Top of INFORMATION SHOWN

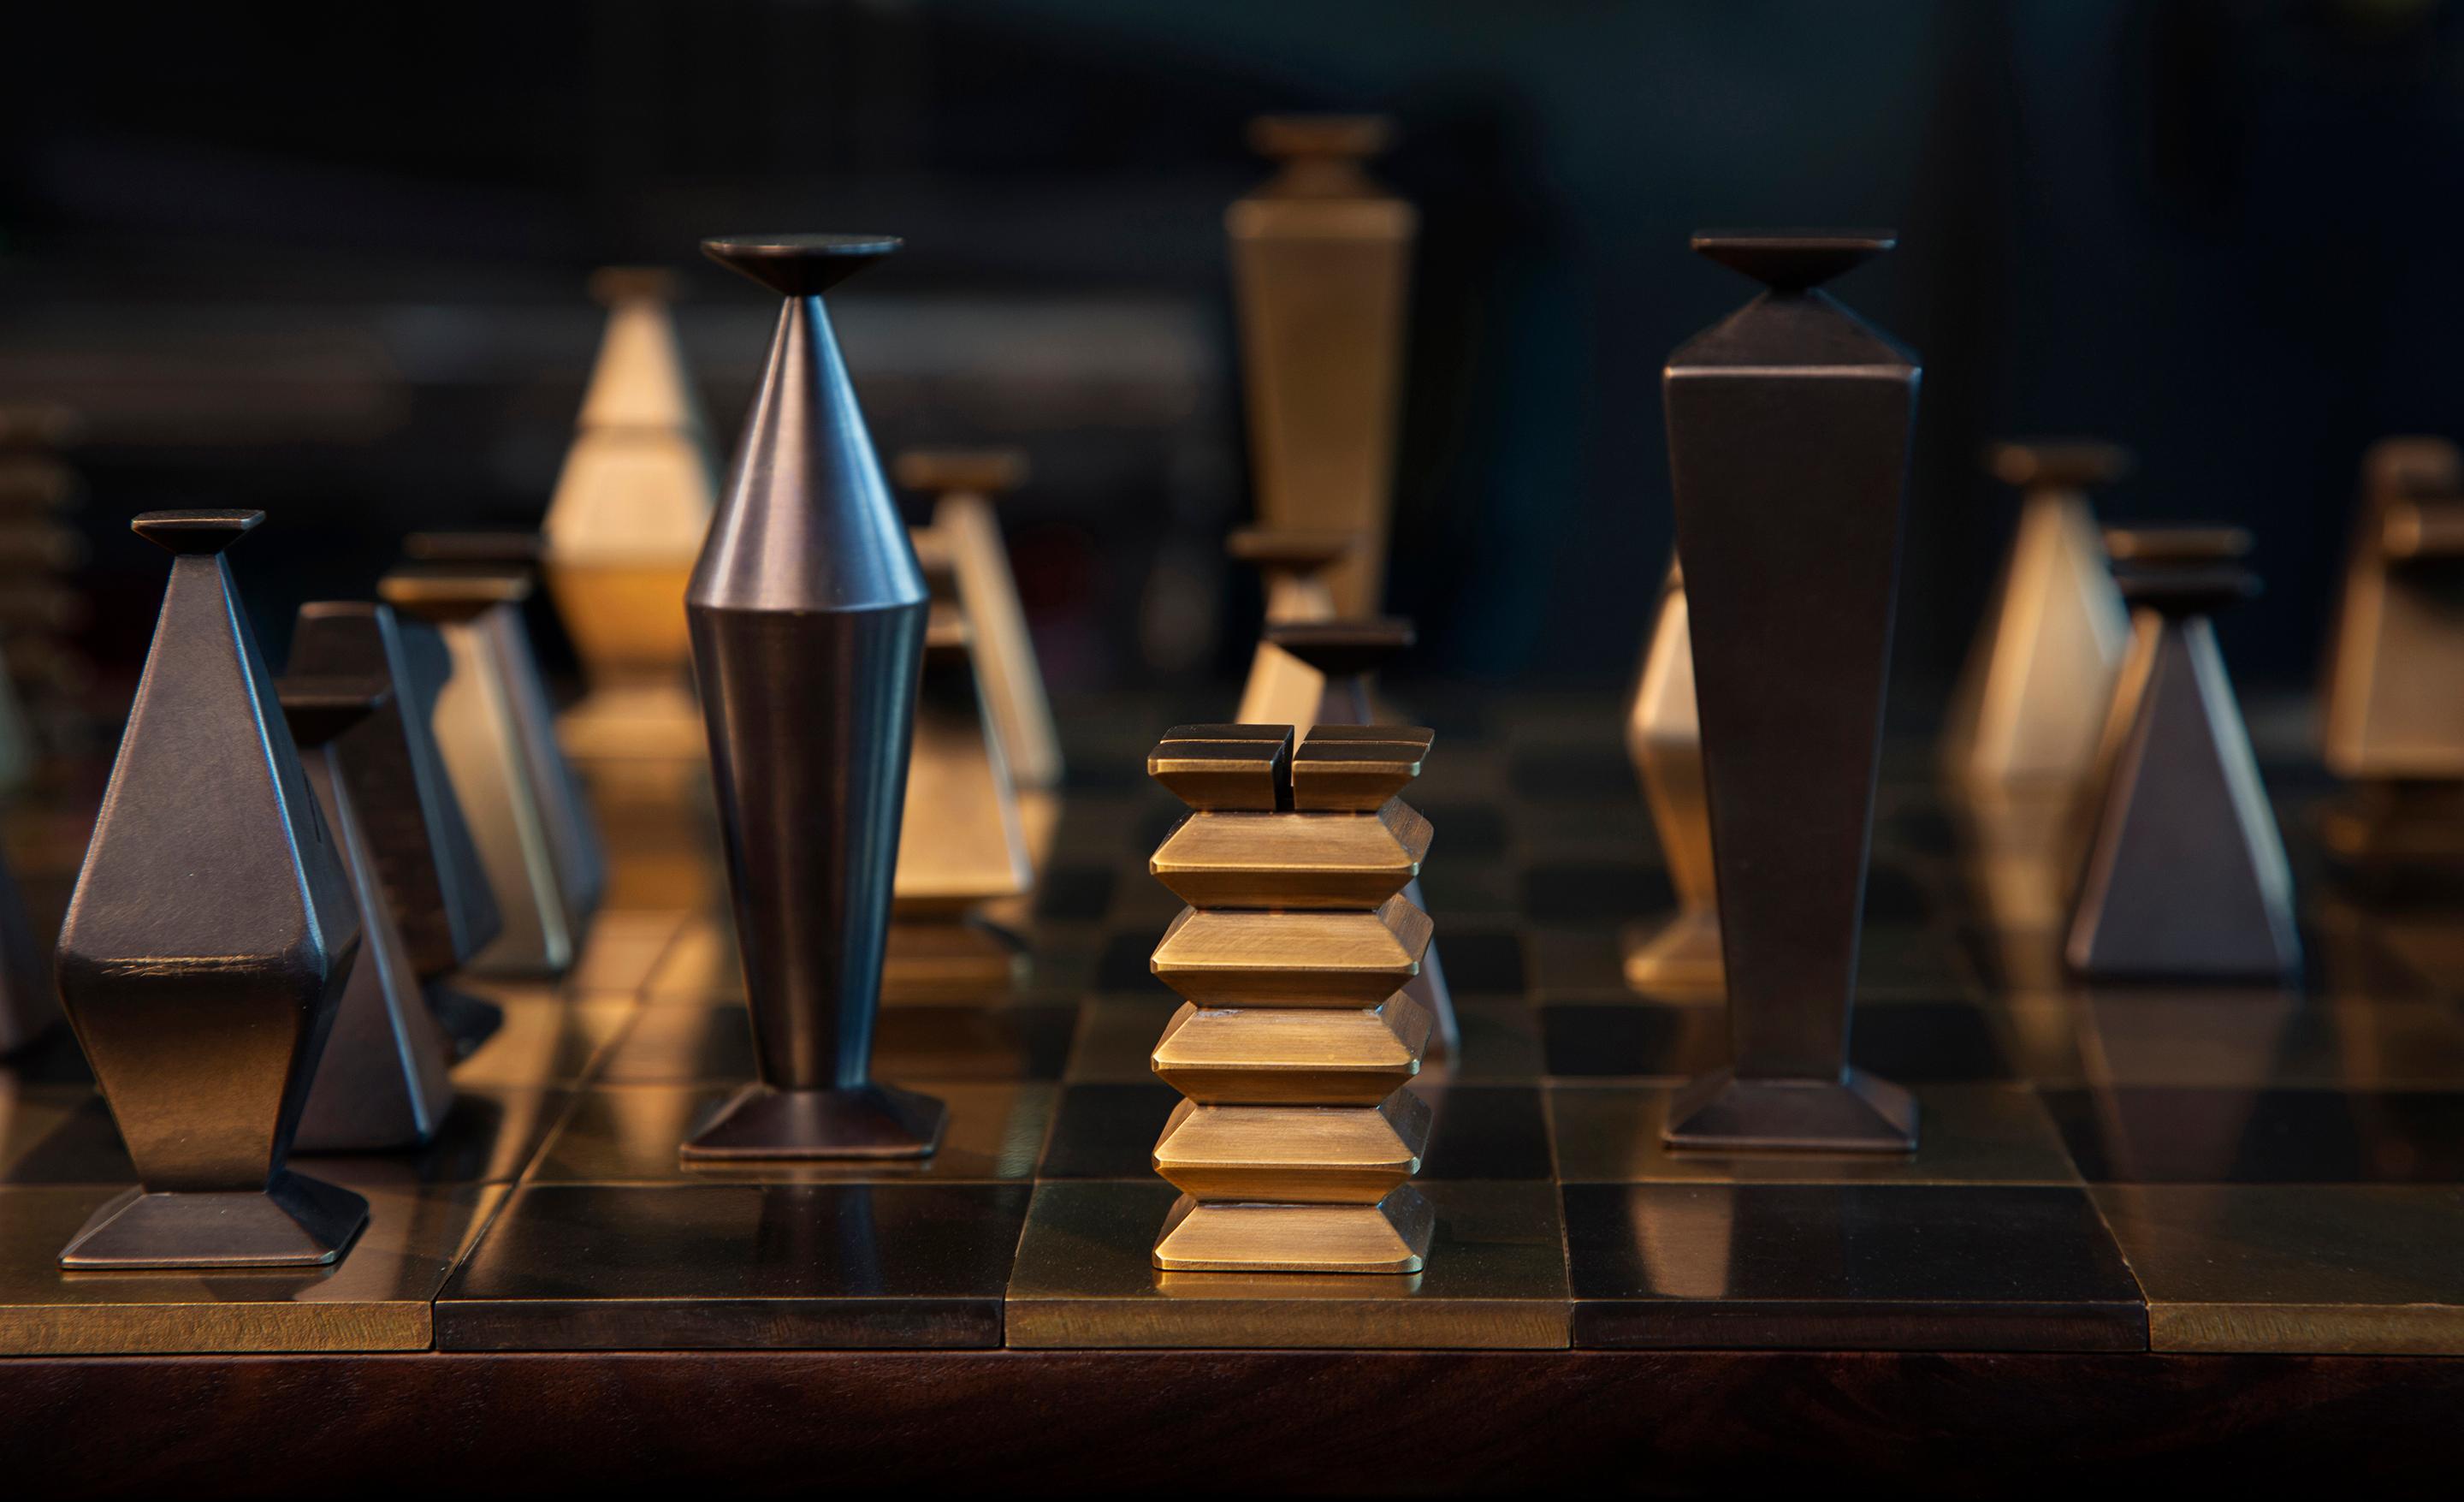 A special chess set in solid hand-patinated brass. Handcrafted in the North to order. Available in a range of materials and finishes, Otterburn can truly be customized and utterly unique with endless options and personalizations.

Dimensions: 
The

Bottom of INFORMATION SHOWN

WORK TASK:
Could you copy the lines above exactly and skip the images?

ANSWER AREA:
 A special chess set in solid hand-patinated brass. Handcrafted in the North to order. Available in a range of materials and finishes, Otterburn can truly be customized and utterly unique with endless options and personalizations.

Dimensions: 
The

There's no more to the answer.